Ils ont donc commencé à perdre la classe ouvrière blanche, mais ils pouvaient dire : « C’est parce qu’ils sont racistes, nous allons nous présenter sur la diversité et l’équité, et nous avons la démographie de notre côté – le pays ne sera plus majoritairement blanc parce que de la population hispanique et asiatique croissante ». Et puis ils ont commencé à perdre la classe ouvrière hispanique, puis asiatique, et maintenant 20 % de la population noire vote républicain.
Les républicains ont également repris la politique identitaire des démocrates et présentent des candidats noirs et hispaniques. Par exemple, sur les huit ou neuf candidats à la primaire présidentielle républicaine, un est noir, Tim Scott, deux sont des Indiens d’Amérique, Nikki Haley et Vivek Ramaswamy.
Ainsi, le Parti démocrate est tout d’un coup arrivé à la conclusion qu’il n’aura pas de majorité naturelle et qu’il doit recommencer à gagner la classe ouvrière. C’est leur programme, ou leur programme d’ouverture, pour tenter de gagner la classe ouvrière.
Quelle est l’efficacité réelle de Bidenomics ?
Eh bien, il y a un boom financier aux États-Unis. Il s’agit en grande partie de capitaux européens, et l’industrie automobile, comme Toyota, Nissan, Volkswagen, BMW, commence à construire des usines aux États-Unis grâce aux subventions accordées aux véhicules électriques.
Il y a ensuite les subventions pour les semi-conducteurs. Des usines de semi-conducteurs sont en cours de construction par Taiwan Semiconductor Manufacturing Corporation, Samsung, Intel, etc. C’est l’une des raisons pour lesquelles la hausse des taux d’intérêt n’a pas augmenté le chômage ni réduit la consommation.

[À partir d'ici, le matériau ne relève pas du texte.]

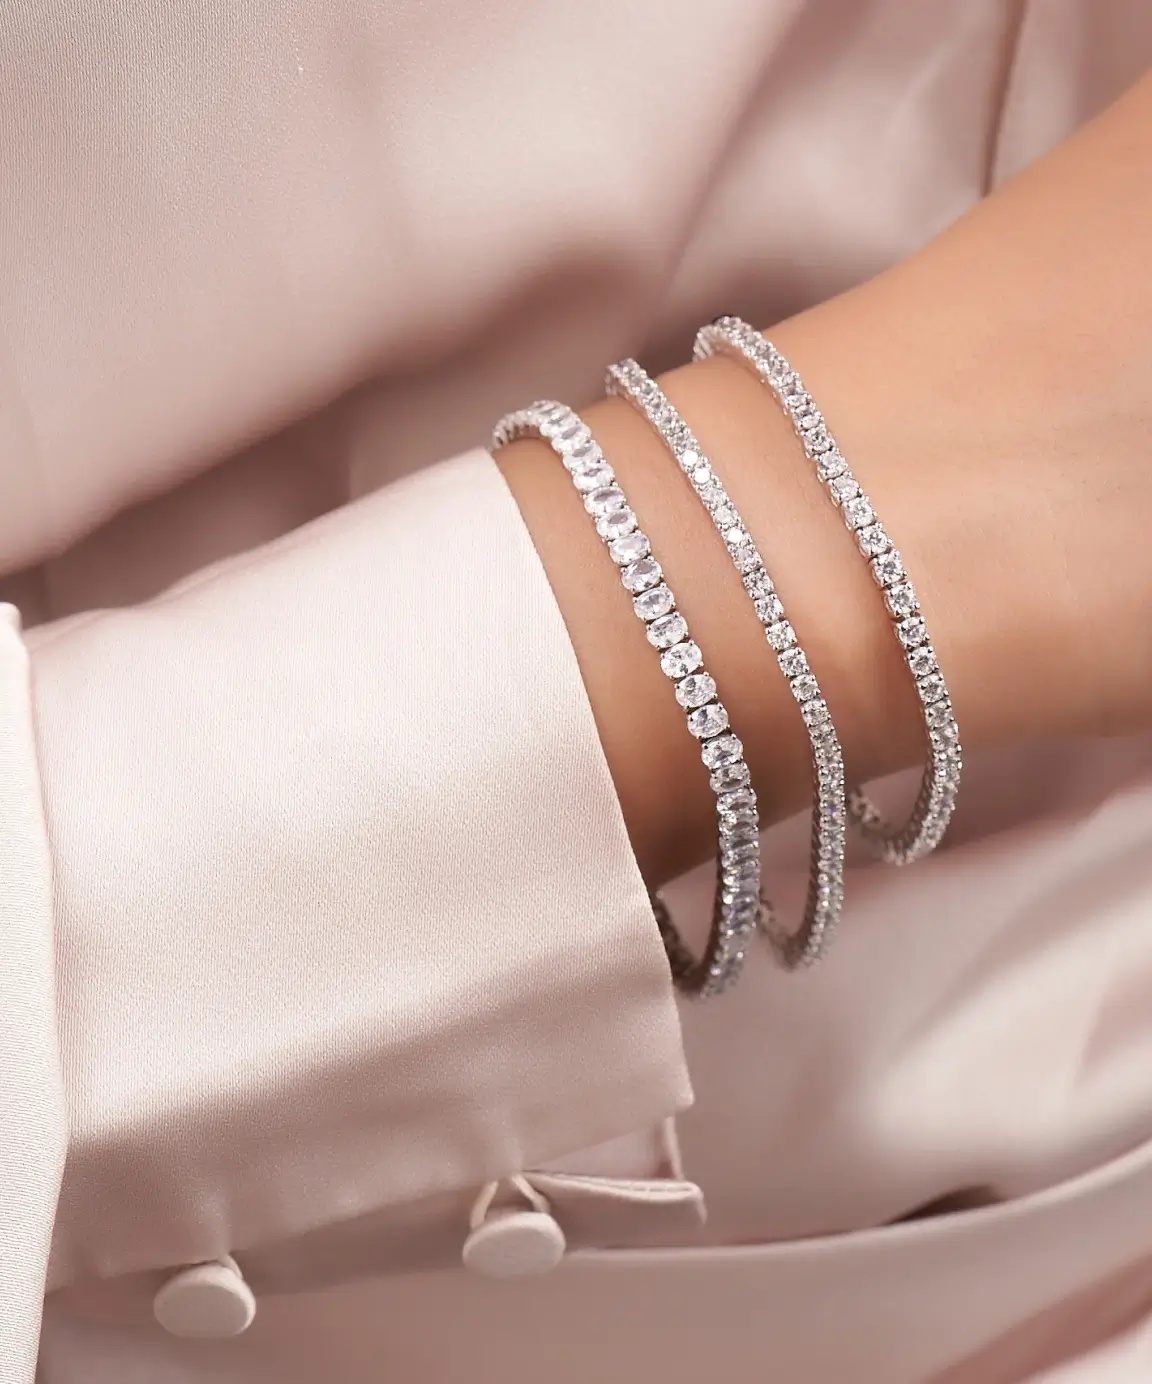 What Types of Bracelets are Trending?

Le programme fonctionne donc dans ce sens : il redynamise au moins des pans de l’industrie américaine. Je pense que du point de vue de l’impérialisme américain, c’est l’administration la plus réussie depuis 30 ans. Elle a rétabli sa puissance en Europe. C’est ce qu’il fait dans le Pacifique, avec le Japon, la Corée du Sud, l’Australie, les Philippines et de nombreuses îles du Pacifique. Elle doit encore rétablir ses liens en Amérique latine et en Afrique, mais elle y est parvenue très rapidement, en seulement deux ou trois ans.
Mais cela ne suffit pas à convaincre les travailleurs : ils ne voient pas nécessairement leur niveau de vie augmenter. On pourrait dire qu’à long terme, c’est possible, mais à long terme, nous serons tous morts, comme l’a dit Keynes. Ils n’ont rien trouvé qui puisse élever immédiatement le niveau de vie de la classe ouvrière, ce qui explique pourquoi Trump est toujours viable et pourquoi Biden est impopulaire.
Nous sommes dans un monde d’instabilité bien plus grande – économiquement, politiquement, militairement, quelle que soit la manière dont vous voulez le voir – que ce qui a existé pendant des décennies. Nous vivons une période totalement différente des 40 années de néolibéralisme et de mondialisation. Et c’est particulièrement vrai aux États-Unis.